## Brief:
From the line containing "Vue en grand" through the last line below, copy every line exactly, leaving out the pictures.

## Data segment:
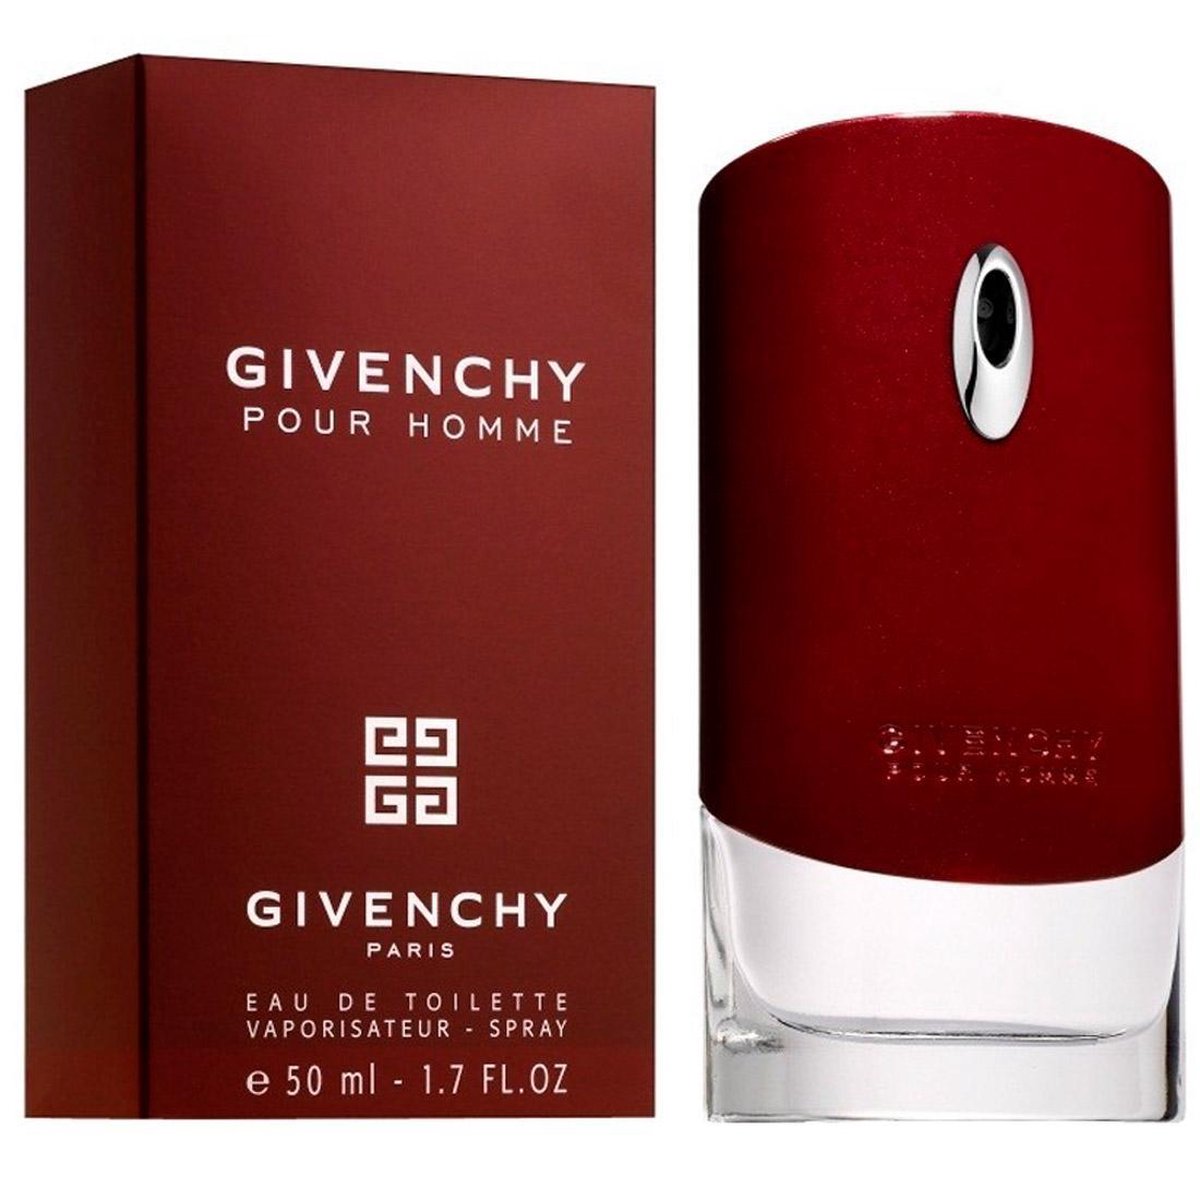 bol.com | Givenchy Pour Homme - 50 ml - Eau de toilette
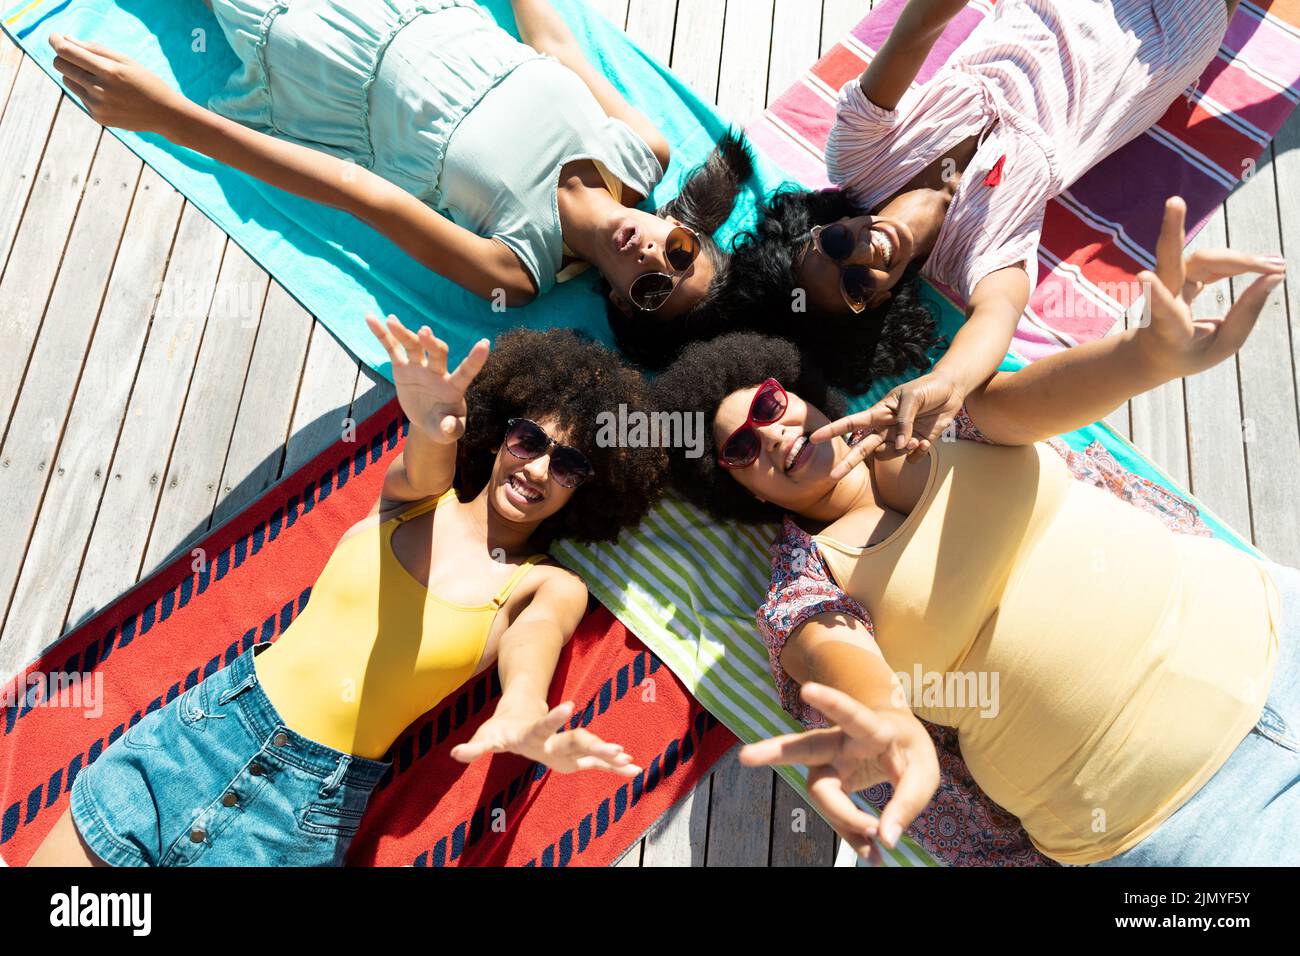 Vue en grand angle des amis biraciaux heureux portant des lunettes de soleil faisant des gestes tout en étant allongé sur des serviettes au bord de la piscine Banque D'Images
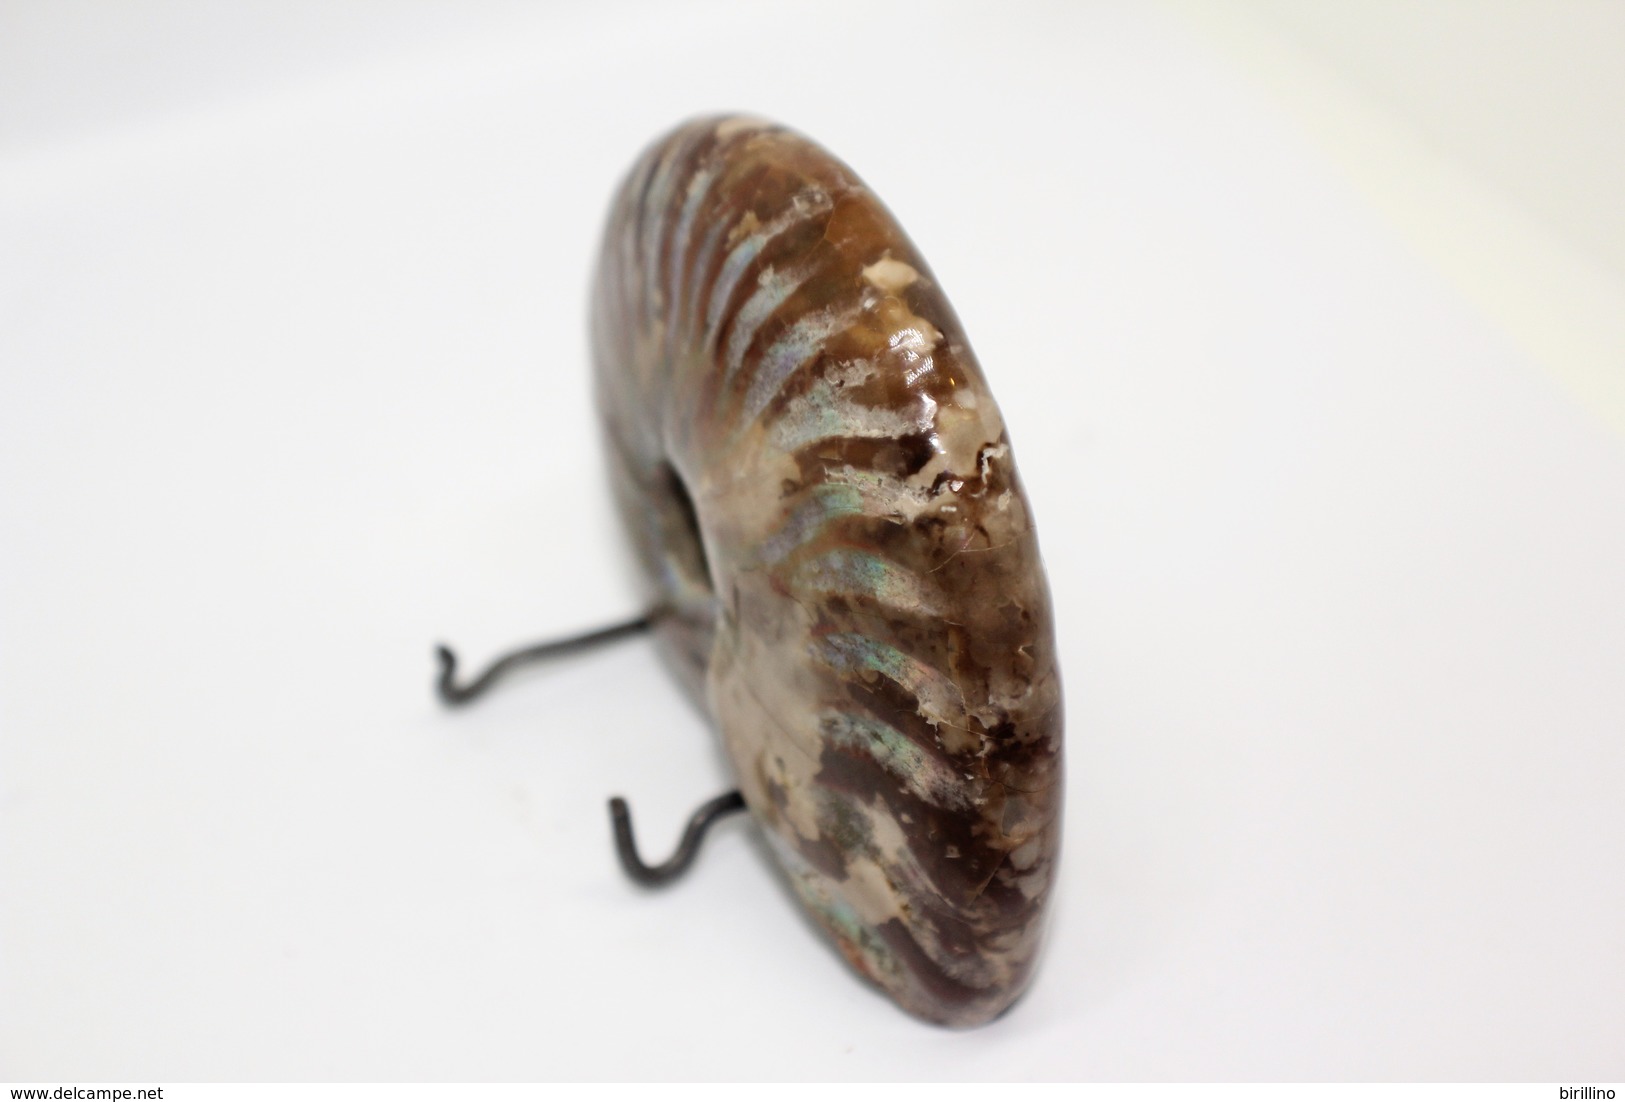 824 - Raro fossile di ammonite di conchiglia - Provenienza Madagascar Peso 109 gr

## Problem solution:
 Vue en grand angle des amis biraciaux heureux portant des lunettes de soleil faisant des gestes tout en étant allongé sur des serviettes au bord de la piscine Banque D'Images
 824 - Raro fossile di ammonite di conchiglia - Provenienza Madagascar Peso 109 gr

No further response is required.